March 14, 2012
Journal Of The American Academy Of Orthopaedic Surgeons (AAOS) Highlights
Below are highlights of new research articles appearing in the March 2012 issue of the Journal of the American Academy of Orthopaedic Surgeons (JAAOS), as well as the full table of contents. Each news highlight, and listed title in the table of contents, includes a link to the study abstract.

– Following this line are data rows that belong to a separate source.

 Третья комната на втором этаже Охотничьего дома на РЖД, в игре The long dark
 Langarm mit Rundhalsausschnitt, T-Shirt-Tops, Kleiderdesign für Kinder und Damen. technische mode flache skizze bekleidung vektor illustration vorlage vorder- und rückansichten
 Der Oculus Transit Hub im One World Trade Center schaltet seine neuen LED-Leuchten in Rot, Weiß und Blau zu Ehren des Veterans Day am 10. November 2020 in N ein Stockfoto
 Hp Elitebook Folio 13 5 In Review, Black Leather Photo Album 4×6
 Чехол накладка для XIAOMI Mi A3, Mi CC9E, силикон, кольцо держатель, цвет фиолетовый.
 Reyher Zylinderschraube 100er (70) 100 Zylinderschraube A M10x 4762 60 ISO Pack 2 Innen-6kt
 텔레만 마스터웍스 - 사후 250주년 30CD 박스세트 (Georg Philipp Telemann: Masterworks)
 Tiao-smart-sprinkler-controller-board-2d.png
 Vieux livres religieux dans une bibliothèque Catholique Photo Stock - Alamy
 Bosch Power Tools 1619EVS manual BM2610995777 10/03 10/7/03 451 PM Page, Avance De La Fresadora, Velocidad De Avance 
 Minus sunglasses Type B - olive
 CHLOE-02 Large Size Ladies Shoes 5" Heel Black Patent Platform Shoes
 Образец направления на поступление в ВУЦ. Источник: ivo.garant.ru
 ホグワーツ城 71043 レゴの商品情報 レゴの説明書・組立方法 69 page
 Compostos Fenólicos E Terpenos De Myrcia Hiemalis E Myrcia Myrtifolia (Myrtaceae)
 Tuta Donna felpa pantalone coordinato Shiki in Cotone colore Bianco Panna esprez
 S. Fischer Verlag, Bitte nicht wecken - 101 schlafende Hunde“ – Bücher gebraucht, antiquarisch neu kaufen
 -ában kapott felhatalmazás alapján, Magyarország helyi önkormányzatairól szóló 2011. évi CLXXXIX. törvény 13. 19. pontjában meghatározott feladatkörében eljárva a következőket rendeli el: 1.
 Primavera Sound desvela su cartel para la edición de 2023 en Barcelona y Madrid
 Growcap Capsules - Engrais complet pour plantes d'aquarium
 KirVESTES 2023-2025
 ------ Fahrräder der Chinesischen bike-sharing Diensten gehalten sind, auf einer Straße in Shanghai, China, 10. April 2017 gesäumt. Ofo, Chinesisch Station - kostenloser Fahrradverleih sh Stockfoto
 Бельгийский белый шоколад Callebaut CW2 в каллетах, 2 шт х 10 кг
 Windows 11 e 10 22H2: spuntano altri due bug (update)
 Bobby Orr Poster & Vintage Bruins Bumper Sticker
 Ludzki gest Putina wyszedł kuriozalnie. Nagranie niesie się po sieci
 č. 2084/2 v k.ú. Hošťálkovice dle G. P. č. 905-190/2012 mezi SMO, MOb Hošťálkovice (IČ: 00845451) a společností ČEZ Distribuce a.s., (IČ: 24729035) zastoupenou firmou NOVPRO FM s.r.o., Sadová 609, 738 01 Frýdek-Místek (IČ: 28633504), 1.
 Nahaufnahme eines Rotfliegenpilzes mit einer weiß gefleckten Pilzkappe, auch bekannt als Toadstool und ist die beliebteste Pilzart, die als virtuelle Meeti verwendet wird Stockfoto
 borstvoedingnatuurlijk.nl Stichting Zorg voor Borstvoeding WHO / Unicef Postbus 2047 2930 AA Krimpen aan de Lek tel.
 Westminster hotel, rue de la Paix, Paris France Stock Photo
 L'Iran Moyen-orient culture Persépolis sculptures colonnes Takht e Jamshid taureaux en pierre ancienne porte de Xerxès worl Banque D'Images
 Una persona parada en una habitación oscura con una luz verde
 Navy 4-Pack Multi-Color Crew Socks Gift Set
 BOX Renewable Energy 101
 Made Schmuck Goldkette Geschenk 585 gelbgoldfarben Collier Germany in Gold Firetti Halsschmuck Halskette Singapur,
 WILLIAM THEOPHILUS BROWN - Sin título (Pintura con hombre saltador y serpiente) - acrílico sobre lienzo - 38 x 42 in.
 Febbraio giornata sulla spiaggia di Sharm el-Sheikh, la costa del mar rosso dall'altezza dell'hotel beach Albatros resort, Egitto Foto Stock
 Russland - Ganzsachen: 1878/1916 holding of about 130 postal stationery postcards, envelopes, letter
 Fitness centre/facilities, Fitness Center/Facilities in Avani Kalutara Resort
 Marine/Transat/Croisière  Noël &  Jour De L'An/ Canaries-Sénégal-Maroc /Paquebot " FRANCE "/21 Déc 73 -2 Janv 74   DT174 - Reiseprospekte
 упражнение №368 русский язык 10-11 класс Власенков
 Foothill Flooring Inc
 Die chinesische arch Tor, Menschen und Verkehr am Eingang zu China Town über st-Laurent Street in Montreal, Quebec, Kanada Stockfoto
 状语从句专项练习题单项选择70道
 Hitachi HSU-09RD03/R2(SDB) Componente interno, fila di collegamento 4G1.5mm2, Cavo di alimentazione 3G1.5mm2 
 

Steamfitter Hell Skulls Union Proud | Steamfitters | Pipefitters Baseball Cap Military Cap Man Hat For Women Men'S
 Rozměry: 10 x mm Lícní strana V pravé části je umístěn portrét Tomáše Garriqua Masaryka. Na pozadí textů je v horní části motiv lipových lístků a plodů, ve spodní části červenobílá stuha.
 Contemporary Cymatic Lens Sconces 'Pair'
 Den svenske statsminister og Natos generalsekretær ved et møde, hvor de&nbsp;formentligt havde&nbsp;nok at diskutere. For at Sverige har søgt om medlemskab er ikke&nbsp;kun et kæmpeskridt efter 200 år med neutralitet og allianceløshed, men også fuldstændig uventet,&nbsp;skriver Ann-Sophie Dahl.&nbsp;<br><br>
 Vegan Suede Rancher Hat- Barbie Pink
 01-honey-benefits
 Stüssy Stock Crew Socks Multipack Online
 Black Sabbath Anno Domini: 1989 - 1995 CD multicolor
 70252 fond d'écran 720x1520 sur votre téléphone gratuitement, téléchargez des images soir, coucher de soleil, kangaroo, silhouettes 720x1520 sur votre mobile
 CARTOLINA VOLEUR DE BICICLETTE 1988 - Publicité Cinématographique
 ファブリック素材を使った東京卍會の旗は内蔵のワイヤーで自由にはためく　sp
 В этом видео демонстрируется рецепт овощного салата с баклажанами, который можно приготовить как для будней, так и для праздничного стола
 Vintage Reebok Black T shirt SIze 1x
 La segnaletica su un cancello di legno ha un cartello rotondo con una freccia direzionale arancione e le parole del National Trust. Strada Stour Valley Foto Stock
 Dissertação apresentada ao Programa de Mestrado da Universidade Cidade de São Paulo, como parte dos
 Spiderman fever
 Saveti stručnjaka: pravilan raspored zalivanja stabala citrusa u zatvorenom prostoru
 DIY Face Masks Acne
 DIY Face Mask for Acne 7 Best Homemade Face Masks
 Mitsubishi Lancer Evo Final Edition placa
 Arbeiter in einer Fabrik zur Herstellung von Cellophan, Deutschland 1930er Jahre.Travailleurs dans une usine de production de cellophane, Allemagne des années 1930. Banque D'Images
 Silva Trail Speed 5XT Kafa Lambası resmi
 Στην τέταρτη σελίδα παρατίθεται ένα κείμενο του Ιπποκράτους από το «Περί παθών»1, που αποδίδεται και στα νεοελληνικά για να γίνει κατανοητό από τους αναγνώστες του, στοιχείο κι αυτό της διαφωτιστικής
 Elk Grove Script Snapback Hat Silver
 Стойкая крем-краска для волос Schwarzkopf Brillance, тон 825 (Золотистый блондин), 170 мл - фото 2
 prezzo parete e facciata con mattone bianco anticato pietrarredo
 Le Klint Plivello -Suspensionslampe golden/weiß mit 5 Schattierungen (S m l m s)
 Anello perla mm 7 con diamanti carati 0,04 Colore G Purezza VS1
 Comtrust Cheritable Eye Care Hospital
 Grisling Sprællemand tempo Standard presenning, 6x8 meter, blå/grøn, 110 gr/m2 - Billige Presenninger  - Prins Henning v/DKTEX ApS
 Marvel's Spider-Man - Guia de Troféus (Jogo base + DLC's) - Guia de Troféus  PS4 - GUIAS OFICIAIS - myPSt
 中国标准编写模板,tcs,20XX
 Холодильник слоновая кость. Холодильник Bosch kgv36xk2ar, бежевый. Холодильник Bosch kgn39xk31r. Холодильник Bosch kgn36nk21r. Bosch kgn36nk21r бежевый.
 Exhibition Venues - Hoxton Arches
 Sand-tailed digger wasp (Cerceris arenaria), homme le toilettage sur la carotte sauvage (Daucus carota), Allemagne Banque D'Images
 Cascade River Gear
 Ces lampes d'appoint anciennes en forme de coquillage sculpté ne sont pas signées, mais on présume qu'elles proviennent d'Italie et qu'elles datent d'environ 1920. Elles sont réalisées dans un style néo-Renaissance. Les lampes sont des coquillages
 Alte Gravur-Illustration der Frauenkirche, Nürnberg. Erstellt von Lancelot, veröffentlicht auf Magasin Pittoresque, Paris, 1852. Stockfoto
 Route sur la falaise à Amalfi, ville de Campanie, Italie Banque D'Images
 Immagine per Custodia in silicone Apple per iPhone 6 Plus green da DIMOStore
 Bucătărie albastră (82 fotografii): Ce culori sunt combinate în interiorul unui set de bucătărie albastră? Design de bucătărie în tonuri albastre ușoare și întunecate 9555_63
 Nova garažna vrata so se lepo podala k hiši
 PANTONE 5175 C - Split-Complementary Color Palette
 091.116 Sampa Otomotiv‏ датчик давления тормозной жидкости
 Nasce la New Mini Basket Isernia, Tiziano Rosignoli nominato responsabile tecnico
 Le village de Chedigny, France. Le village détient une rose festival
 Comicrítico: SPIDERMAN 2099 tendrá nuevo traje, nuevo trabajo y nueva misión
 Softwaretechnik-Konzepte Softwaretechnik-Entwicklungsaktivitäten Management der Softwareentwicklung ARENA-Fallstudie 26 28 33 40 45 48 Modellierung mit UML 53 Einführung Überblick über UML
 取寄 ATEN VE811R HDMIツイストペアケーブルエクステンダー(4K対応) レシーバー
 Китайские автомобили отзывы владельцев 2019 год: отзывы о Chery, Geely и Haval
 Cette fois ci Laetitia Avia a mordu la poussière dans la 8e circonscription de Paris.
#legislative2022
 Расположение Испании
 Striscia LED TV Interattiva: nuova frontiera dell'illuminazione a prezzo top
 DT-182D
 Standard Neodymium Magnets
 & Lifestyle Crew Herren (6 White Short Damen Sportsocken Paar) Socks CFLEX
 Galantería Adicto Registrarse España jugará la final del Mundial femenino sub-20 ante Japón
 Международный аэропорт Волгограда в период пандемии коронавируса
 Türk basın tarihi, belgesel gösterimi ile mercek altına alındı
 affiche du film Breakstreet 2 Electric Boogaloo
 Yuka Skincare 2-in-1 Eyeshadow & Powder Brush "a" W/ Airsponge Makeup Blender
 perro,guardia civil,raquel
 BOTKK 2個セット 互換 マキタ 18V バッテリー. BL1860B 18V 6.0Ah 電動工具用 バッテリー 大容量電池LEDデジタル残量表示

March 2012 JAAOS News Highlights
The Spine Patient Outcomes Research Trial (SPORT) is the first comprehensive study to look at the effectiveness of different treatments for low back and leg pain. It was designed to provide data and outcomes to guide doctors and their patients in their treatment choices for three common spinal disorders: intervertebral disk herniation (IDH), degenerative spondylolisthesis (DS), and lumbar spinal stenosis (LSS). The results from the trial, which began in 2000, are already having a strong impact on orthopaedic practice, and the appropriate role of surgical intervention, according to a review on SPORT appearing in the March issue of the JAAOS. Treatment of spinal disorders, both surgical and nonsurgical, comes at a high cost to insurance providers, hospitals and society. However, the assessment of patient-generated outcomes has produced cost-effectiveness data supporting surgical treatment for these conditions, as they provide significant value to the patient over the long term. Most patients, according to the trial results, knew where their condition was headed. Those who noted improvement, or who felt that their symptoms were tolerable, recognized the value of waiting further, while those who felt no significant relief knew they needed surgical care. All primary outcomes “significantly favored surgical treatment “for IDH, DS and LSS. However, both surgical and non-surgical treatment for IDH resulted in significant relief of low back and leg pain. Surgery was much more effective over non-surgical treatments in treating DS and LSS symptoms.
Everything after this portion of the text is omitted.